_Recorded data_
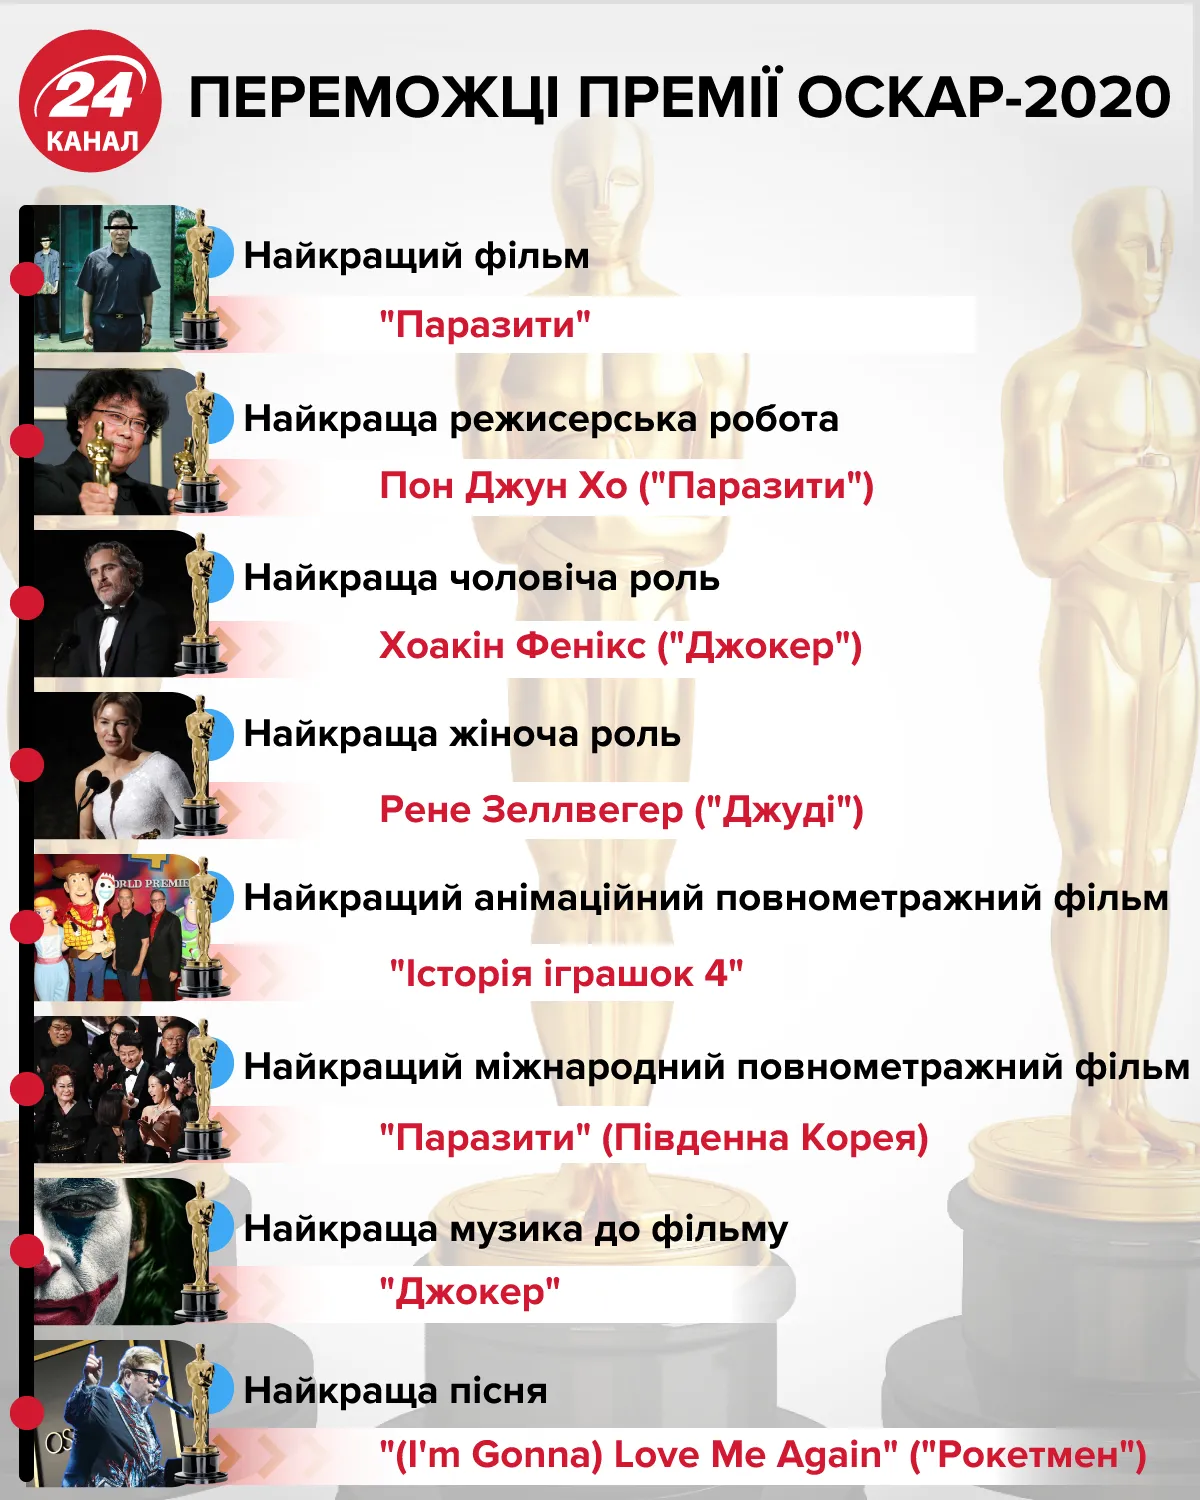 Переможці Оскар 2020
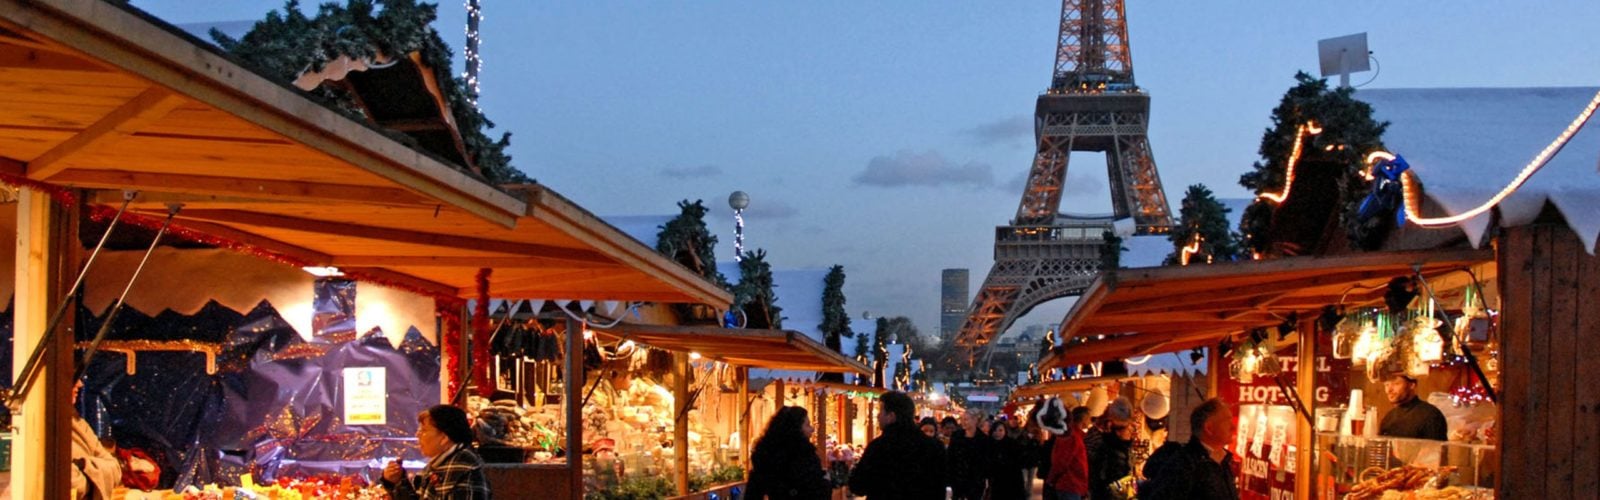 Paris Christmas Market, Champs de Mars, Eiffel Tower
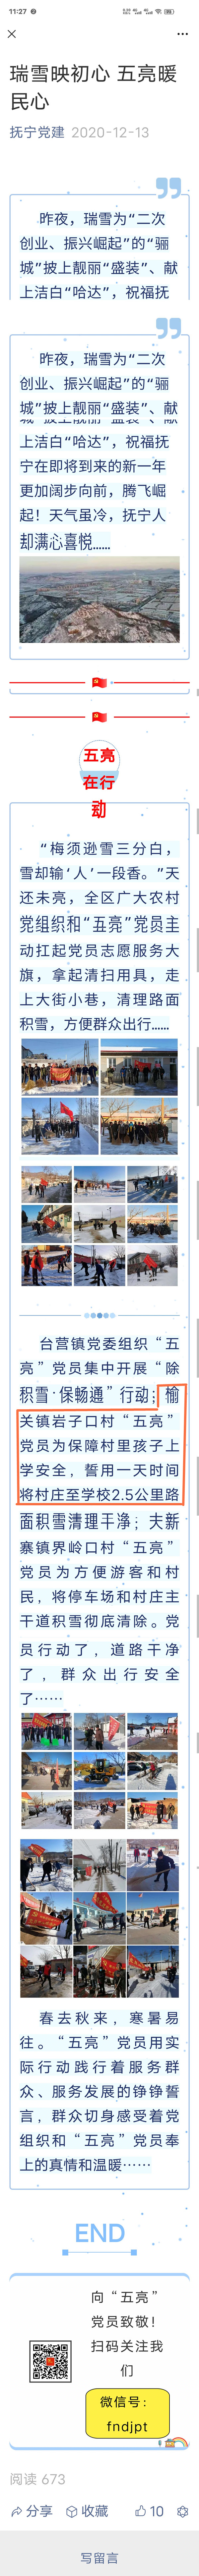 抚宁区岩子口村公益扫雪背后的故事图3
---
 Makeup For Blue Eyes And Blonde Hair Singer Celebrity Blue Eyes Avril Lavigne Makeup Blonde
...
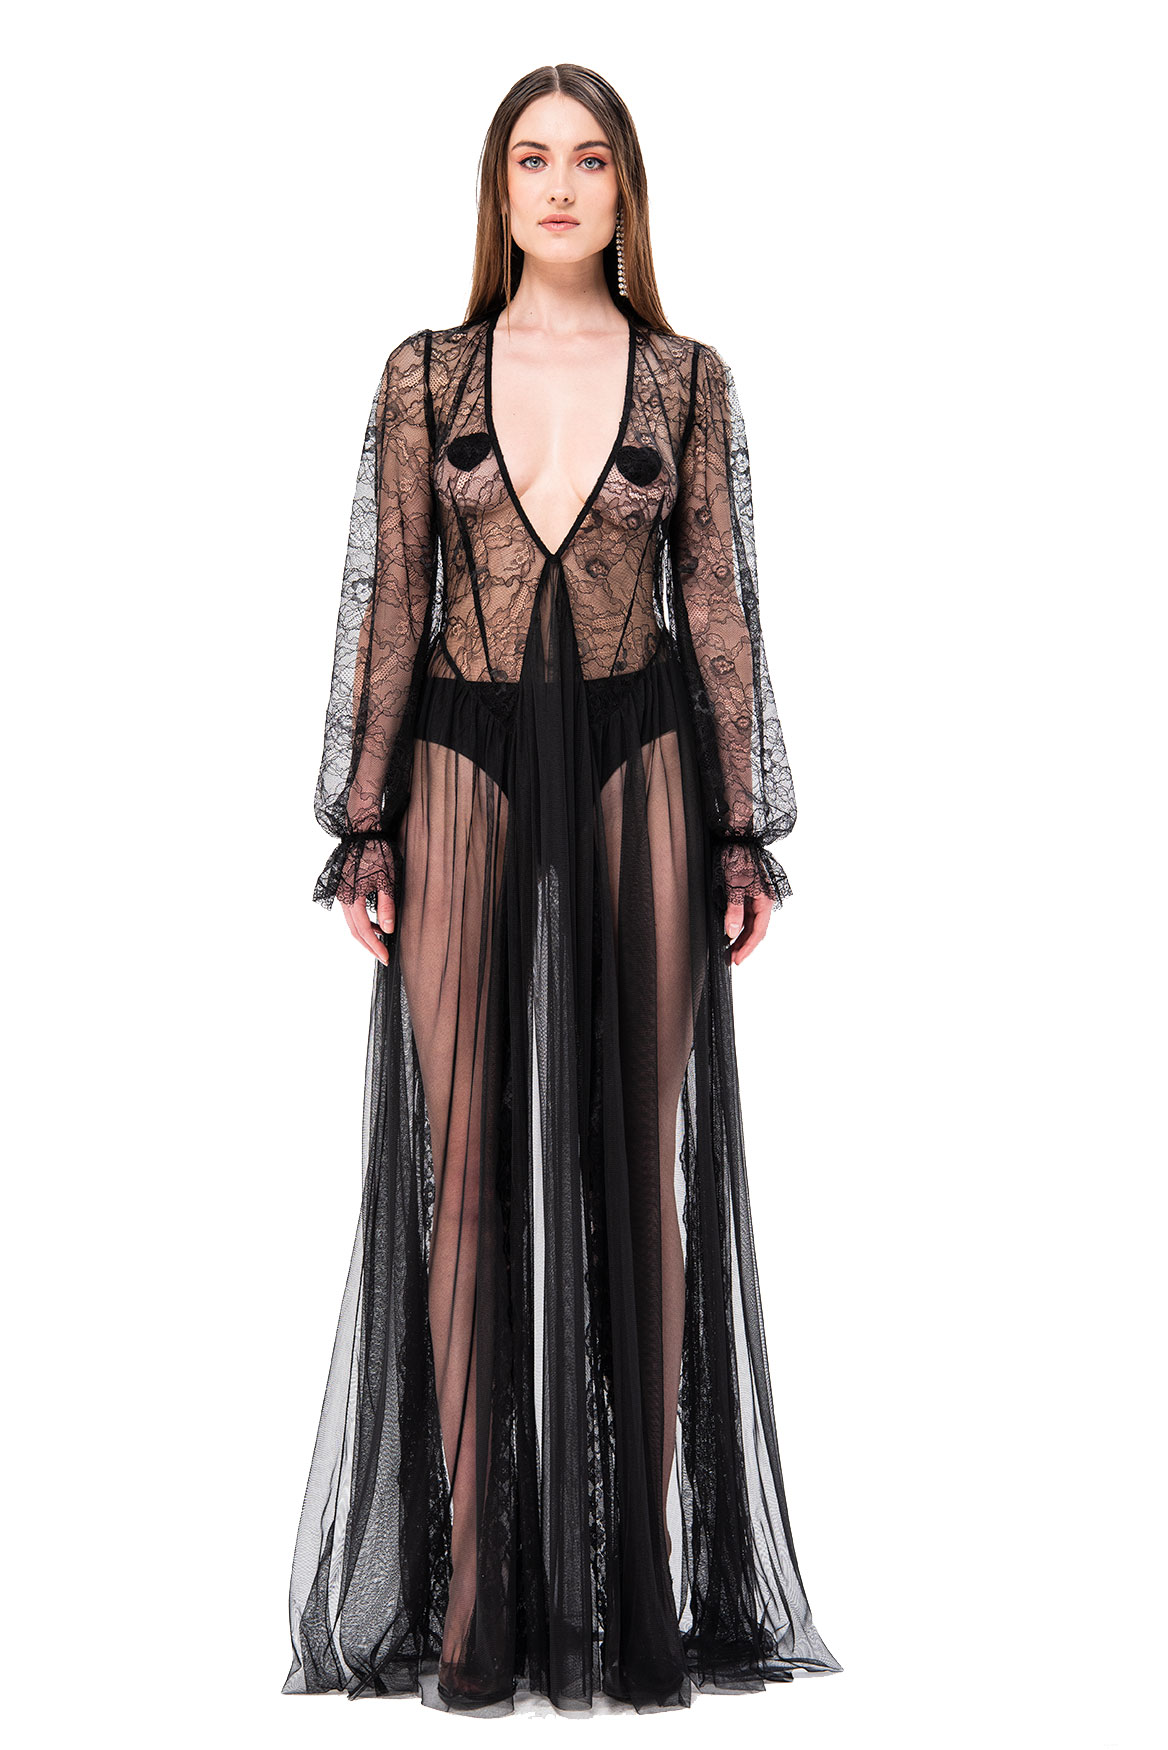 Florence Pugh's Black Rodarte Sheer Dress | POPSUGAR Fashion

_Exercise directions_
Starting at the line containing "Переможці Оскар 2020" and stopping at the line containing "抚宁区岩子口村公益扫雪背后的故事图3", output each line exactly as it appears above. Leave out the pictures.

_Answer to this problem_
 Переможці Оскар 2020
 Paris Christmas Market, Champs de Mars, Eiffel Tower
 抚宁区岩子口村公益扫雪背后的故事图3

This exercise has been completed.